The data shown on Graph A is the horizontal movement (displacement) calculated for each prism installed on the landslide. The main direction of landslide movement is approximately 160 degrees (towards the south-east) and so the displacement of each prism has been calculated in this direction. The data plotted on Graph A represents the average movement (of each prism) over a 24 hour period (daily average), with the data plotted cumulatively to give an indication of the total movement since monitoring began. The spikes in the data (shown on Graph A) are a result of the pressure and temperature fluctuations across the area. These are typically in the range of 1 to 3 mm and are essentially errors in the measurement process. It is therefore important when assessing movement of the landslide to look at the trends in the data rather than individual measurements. The data shown on Graph B is from the piezometers and has been shown as a water level relative to the ground surface in each of the 4 locations, and the data in Graph C shows the daily rainfall.

The information contained on this website is designed to give the viewer an overview of the monitoring being carried out by GNS Science.
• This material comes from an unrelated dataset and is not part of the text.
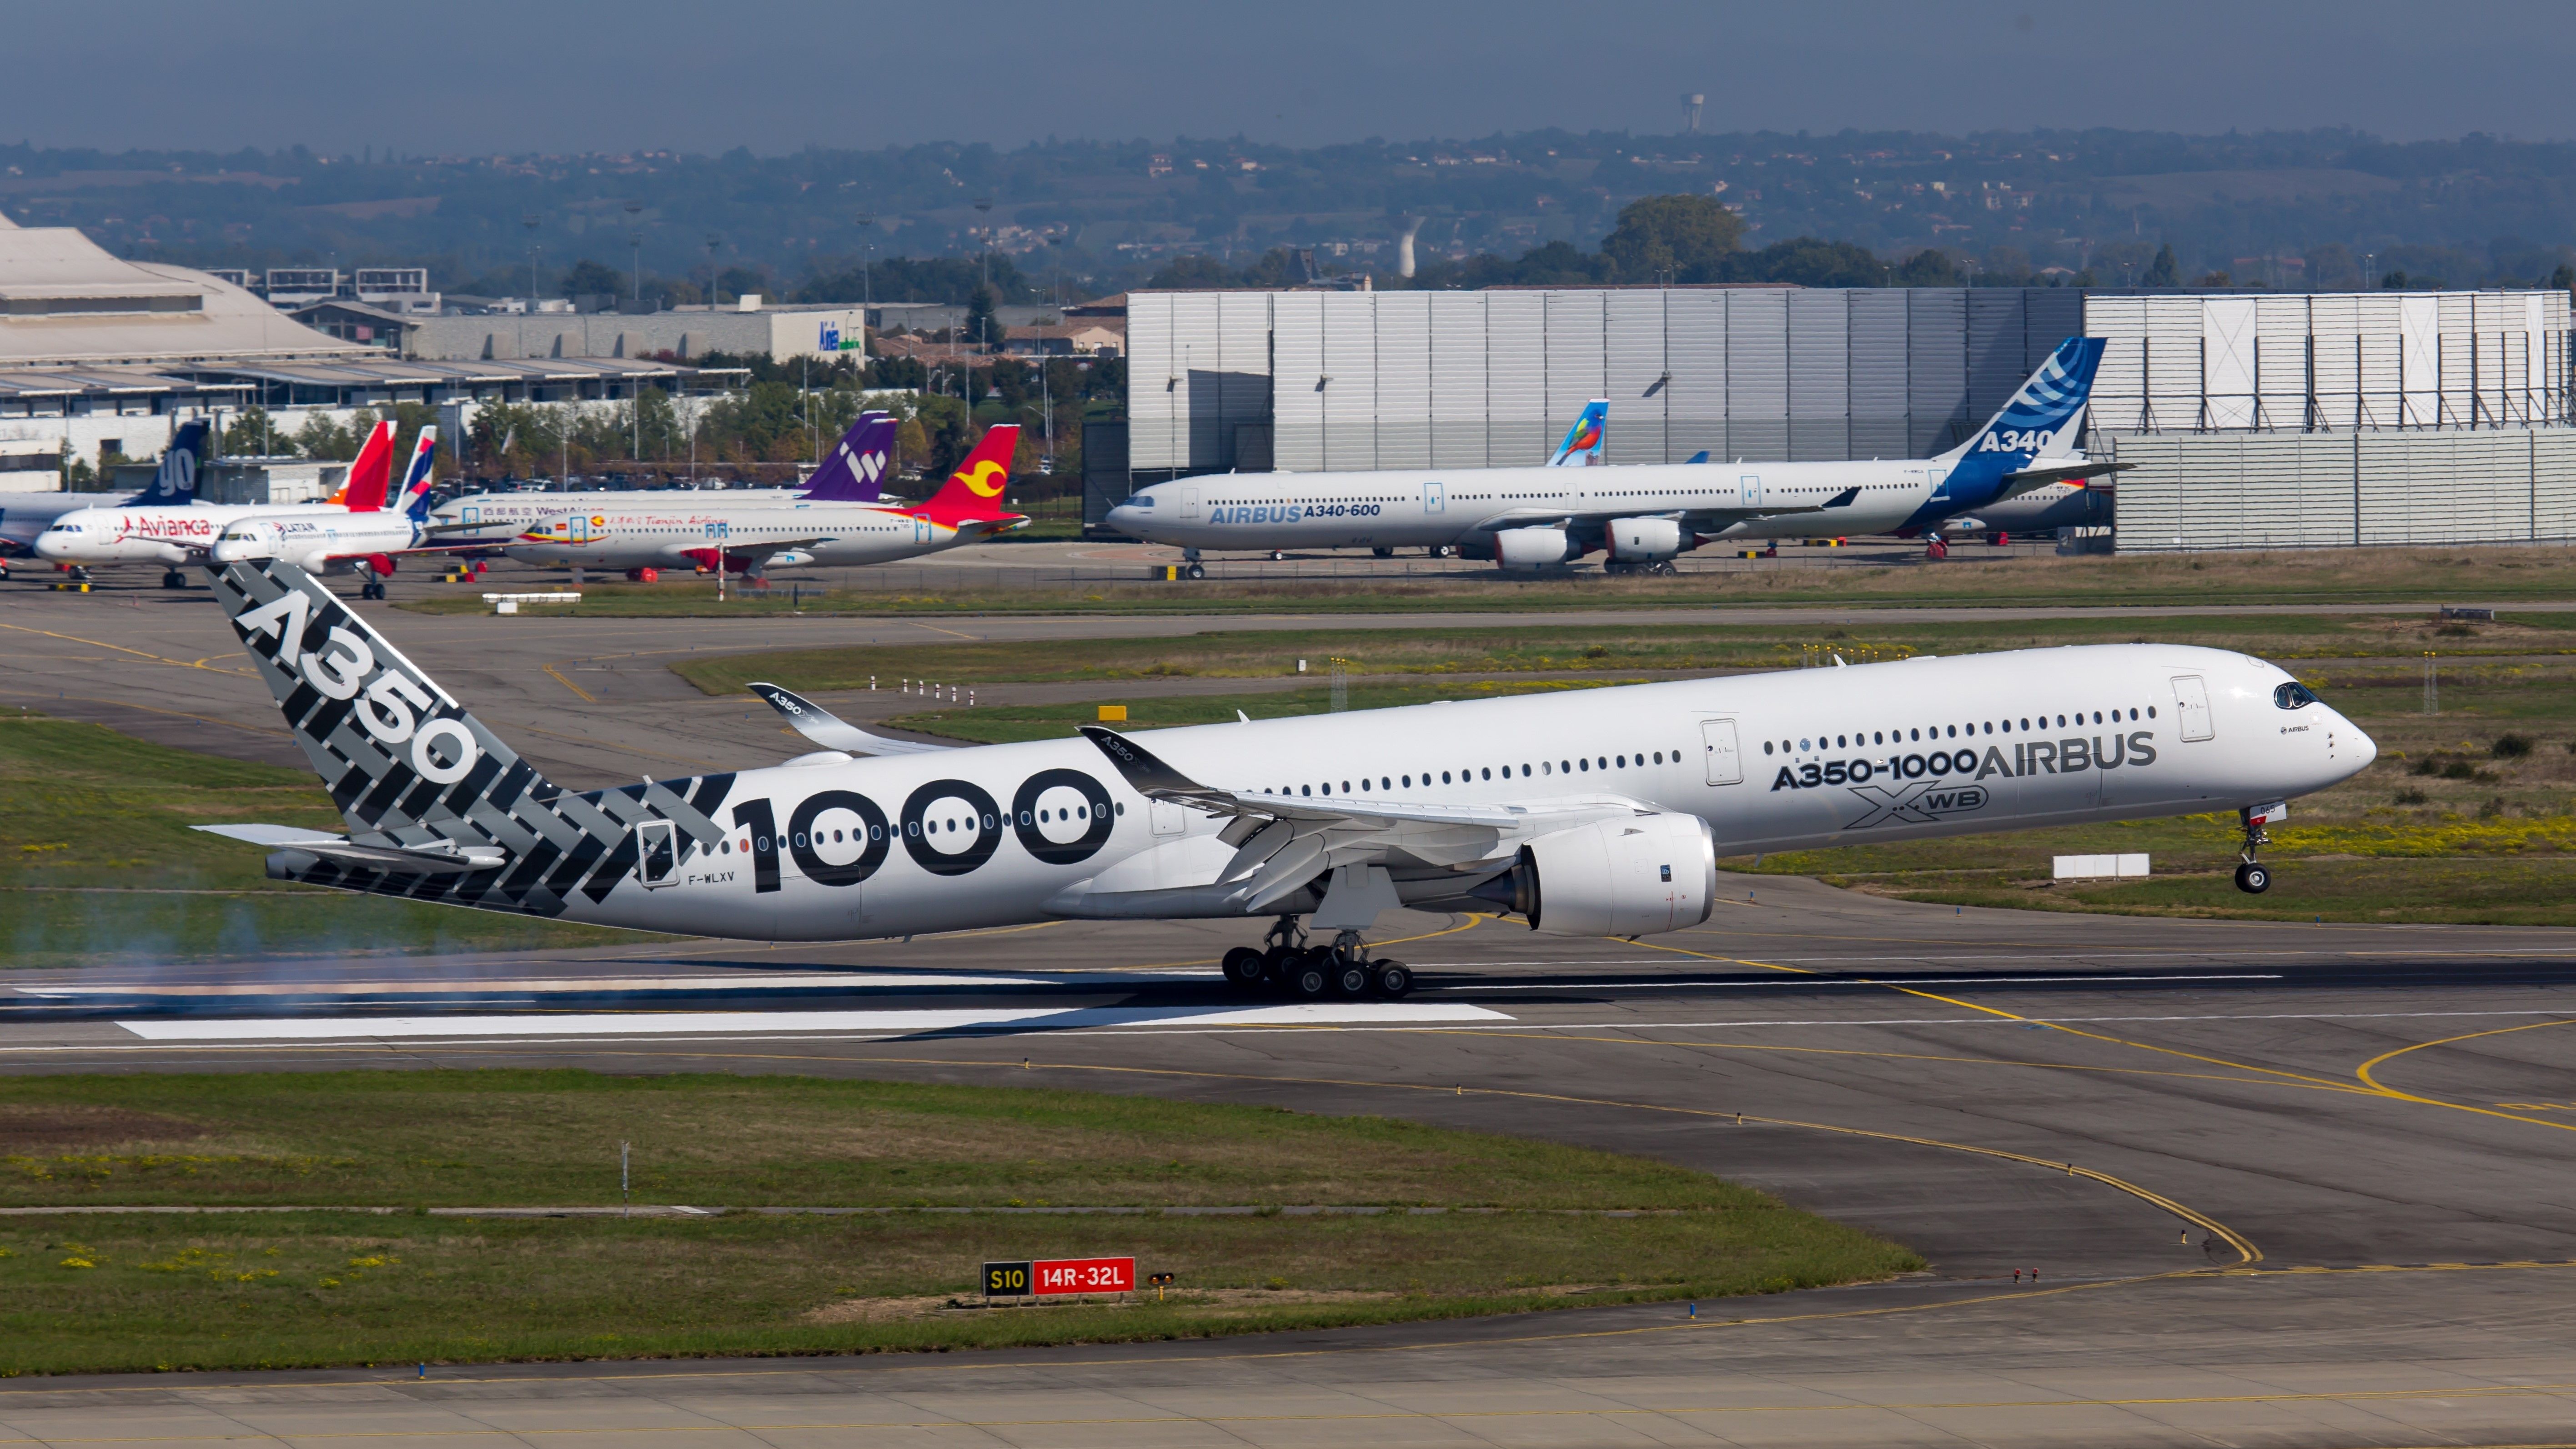 An Airbus A350-1000 Landing In Toulouse.
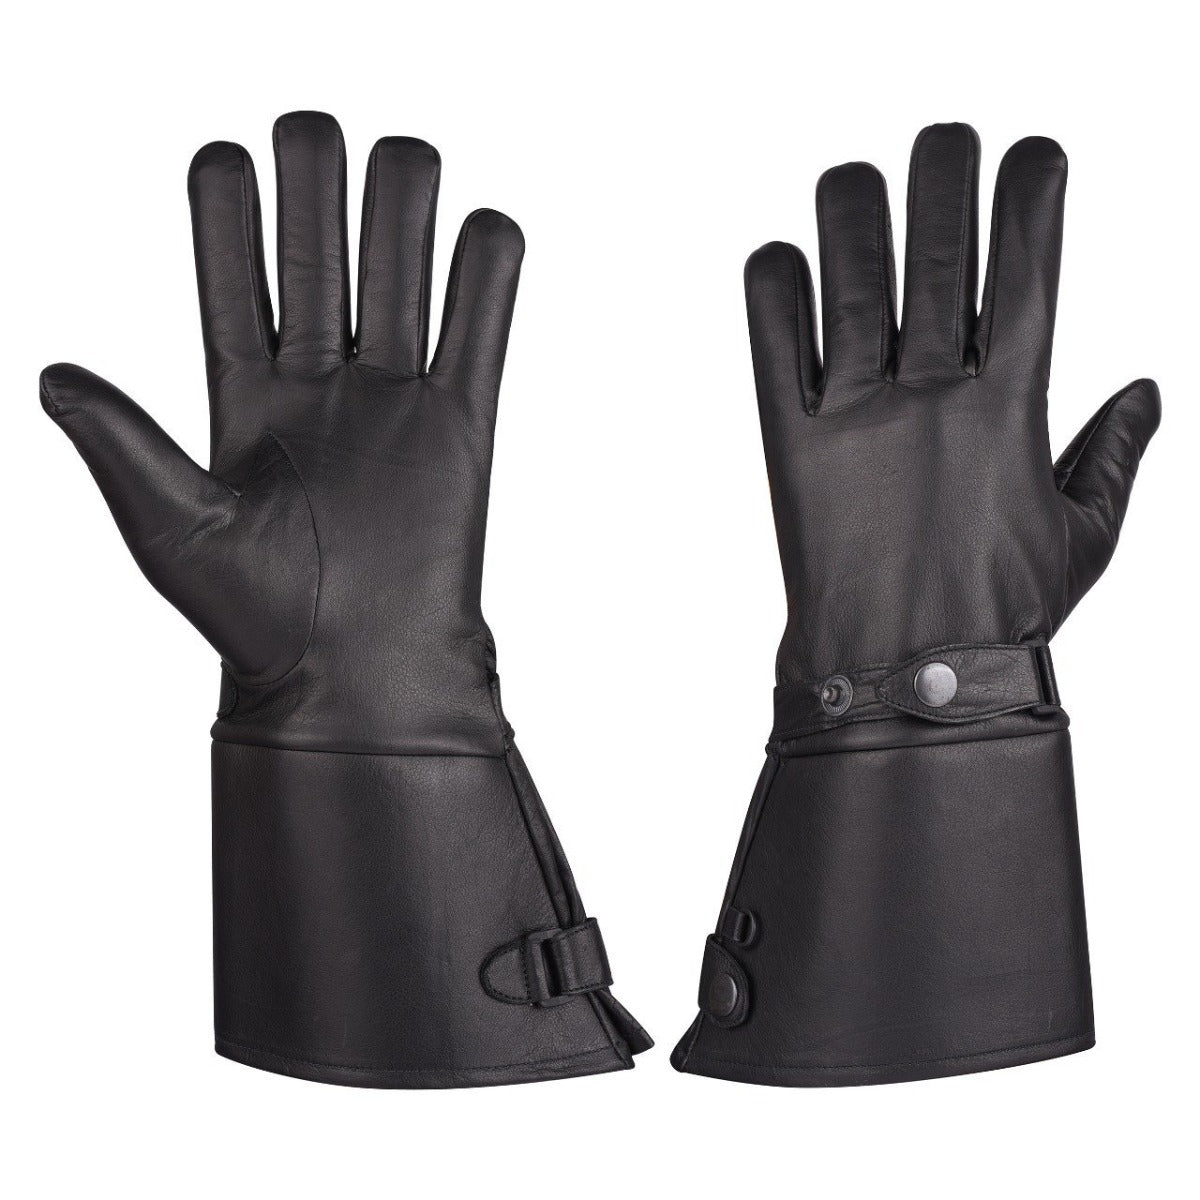 Vance Men’s Thermal Lined Leather Gauntlet Gloves w Snap Wrist & Cuff

Much more detailed information is actually being gathered for the landslide, and this information is being used to assess the movement patterns of the landslide to aid in the implementation of mitigation works currently being assessed by EQC and Rangitikei District Council.

Data Web services

All data is made available via web services.

Equipment Locations

The NZMG locations of prisms, tipping bucket rain gauges, and borehole piezometers.

Processed Data

The processed data is available as XML and compressed (gzipped) XML web services. The compressed web services offer a considerable download bandwidth saving and should be used where possible.